● Work to complete
Keep images out and repeat all data exactly.

● Data shown
════════
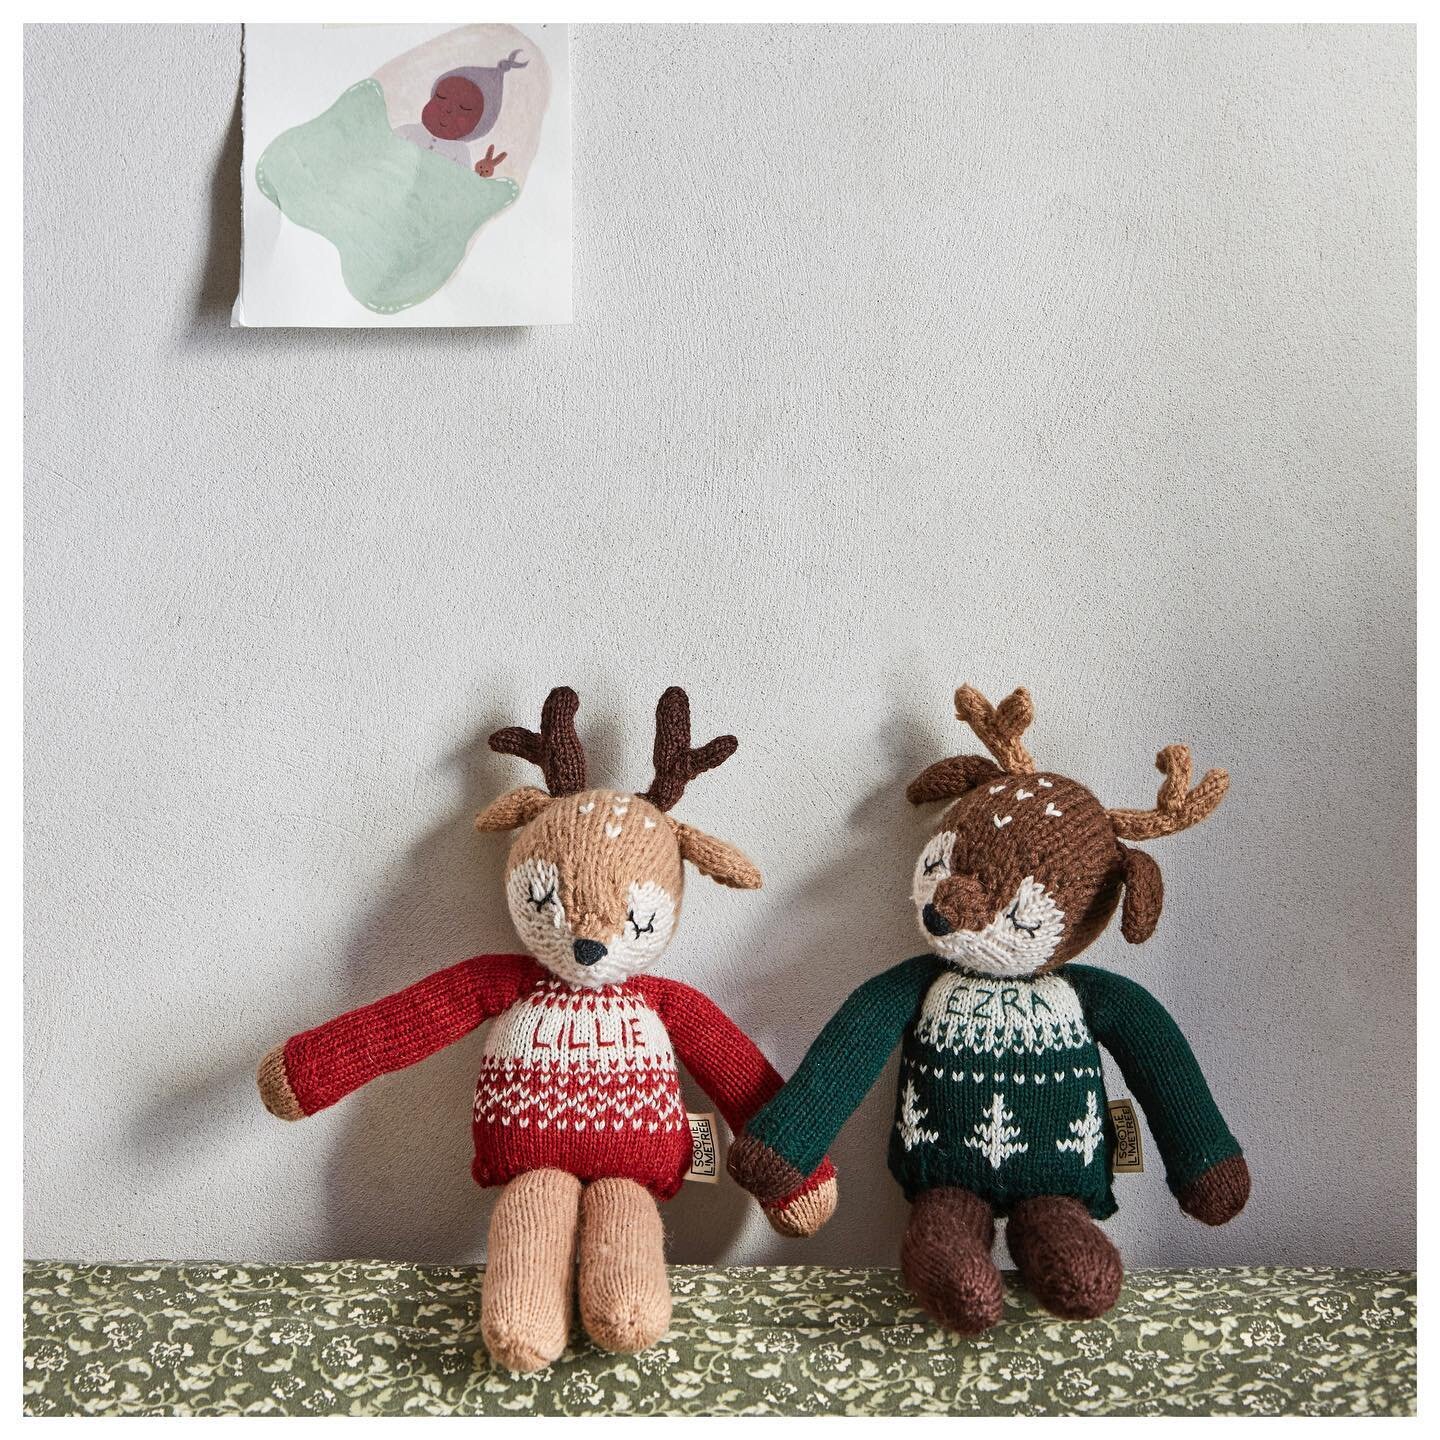 The Christmas shop is&hellip;open! And I kind of buried the lead if I&rsquo;m honest &lsquo;cos I neglected to mention that I made reindeers. In personalised Christmas jumpers. What can I say?You&rsquo;re. Welcome. 
&bull; 
All online now. Link in pr
════════
● Exercise result
 The Christmas shop is&hellip;open! And I kind of buried the lead if I&rsquo;m honest &lsquo;cos I neglected to mention that I made reindeers. In personalised Christmas jumpers. What can I say?You&rsquo;re. Welcome. 
&bull; 
All online now. Link in pr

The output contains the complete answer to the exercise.